CODEWITHSUNDEEP
c#linqc#-3.0xml-serializationlinq-to-xml
Jon
Jon

Reputation: 40032

DeSerialize DataTable Row Collection into List<T>

I have a DataTable with rows of data. I have a class with properties that match the row column names.

How can I have a List that is populated from the DataTable Row information?

Do I call something like (MyType)new XmlSerializer(typeof(MyType)).Deserialize(new XMLReader(Table.WriteXML()));

Upvotes: 1

Views: 2284

Answers (2)

Jeff Sternal
Jeff Sternal

Reputation: 48583

I recommend writing classes to perform this transformation instead of using XML serialization, which requires a lot of extra work and ties your objects too closely to your data model.

On the other hand, sometimes you just have to deserialize collections from XML. To accomplish this, all you need to do is tell the XmlSerializer which node to map to the collection.

By default, DataTable.WriteXml creates a root element called <DocumentElement>. For example, if you write from a DataTable called "Name" that has "FirstName" and "LastName" columns, you'll get this:

<DocumentElement>
    <Name>
        <FirstName>Jon</FirstName>
        <LastName>User</LastName>
    </Name>
</DocumentElement>

The problem is that the XmlSerializer doesn't know that "DocumentElement" should be deserialized to your collection class. There are two ways to tell it how.

By Convention

The XmlSerializer knows that a root element named "ArrayOfMyClass" should map to collections of MyClass.

Add your DataTable to a DataSet named "ArrayOfMyClass" to serialize it like this ...

<ArrayOfMyClass>
    <MyClass>
    // ... elements that map to properties of MyClass
    </MyClass>
</ArrayOfMyClass>

.... which deserializes into a List<MyClass> as desired.

By Hand

As an alternative, you can do it like this:

XmlRootAttribute root       = new XmlRootAttribute("DocumentElement");
XmlSerializer    serializer = new XmlSerializer(typeof(List<Name>), root);

Presuming everything else is ok (that is, your data row column names match your class' property names), this will deserialize as expected into your List<MyClass>.

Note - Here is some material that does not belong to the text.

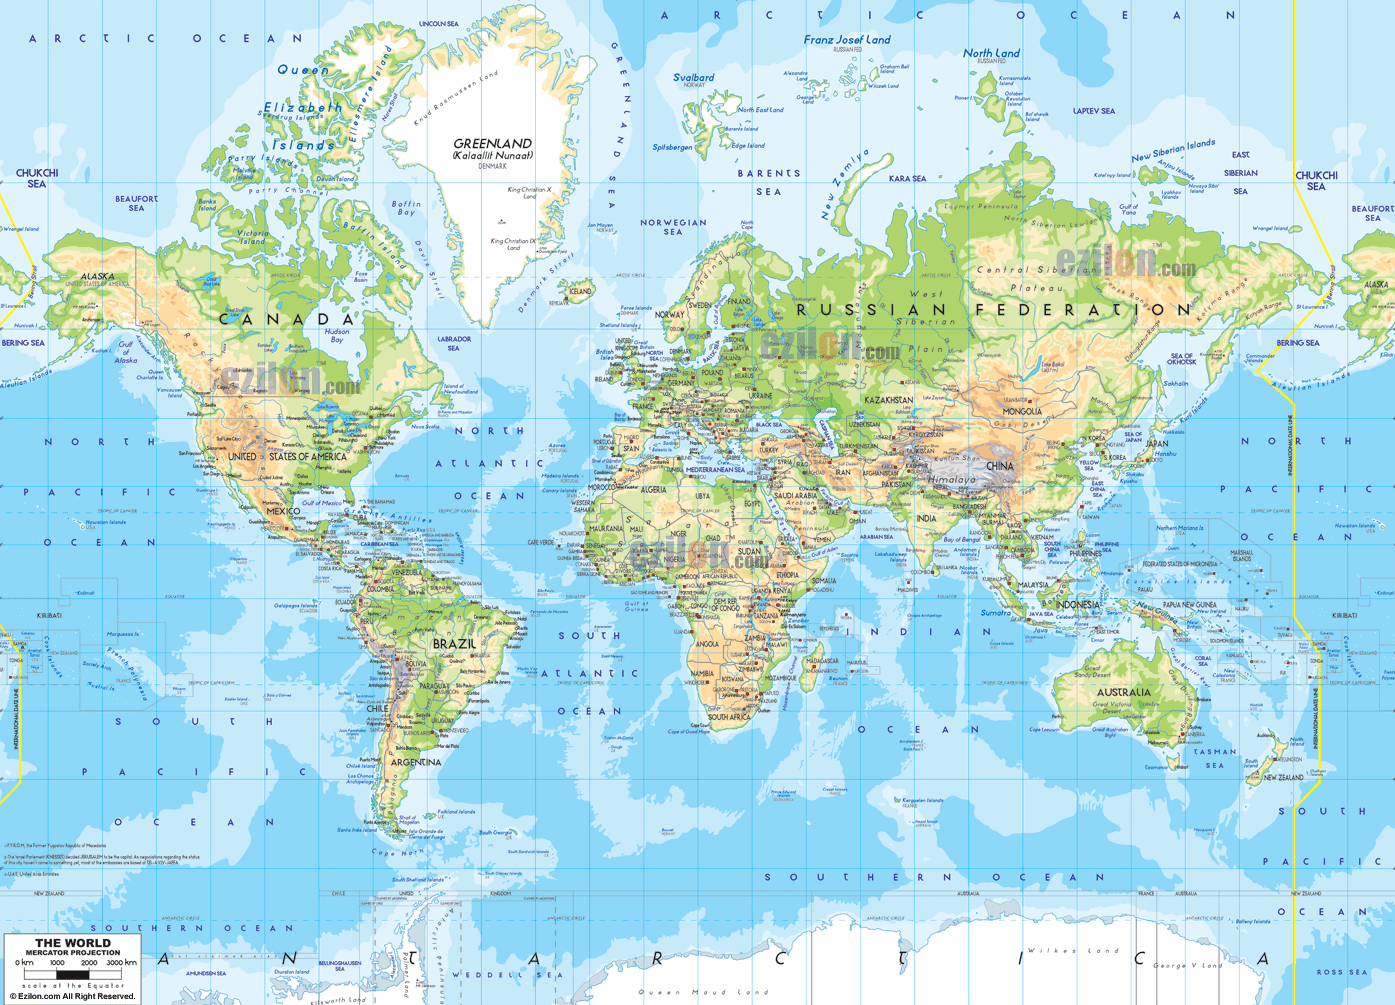 Detailed physical map of the world which shows earth's landforms like mountains, deserts, plains, bodies of water such as lakes, rivers, oceans and other geographical or topographic features.

Edit: note that this approach has a rather severe problem (with a moderately cumbersome workaround) described in this SO question: XmlSerializer Performance Issue.

Upvotes: 2

d91-jal
d91-jal

Reputation: 1017

If I understand your question correctly, you want to put the fields of each row of data into instances of YourClass and then store the instances in a List?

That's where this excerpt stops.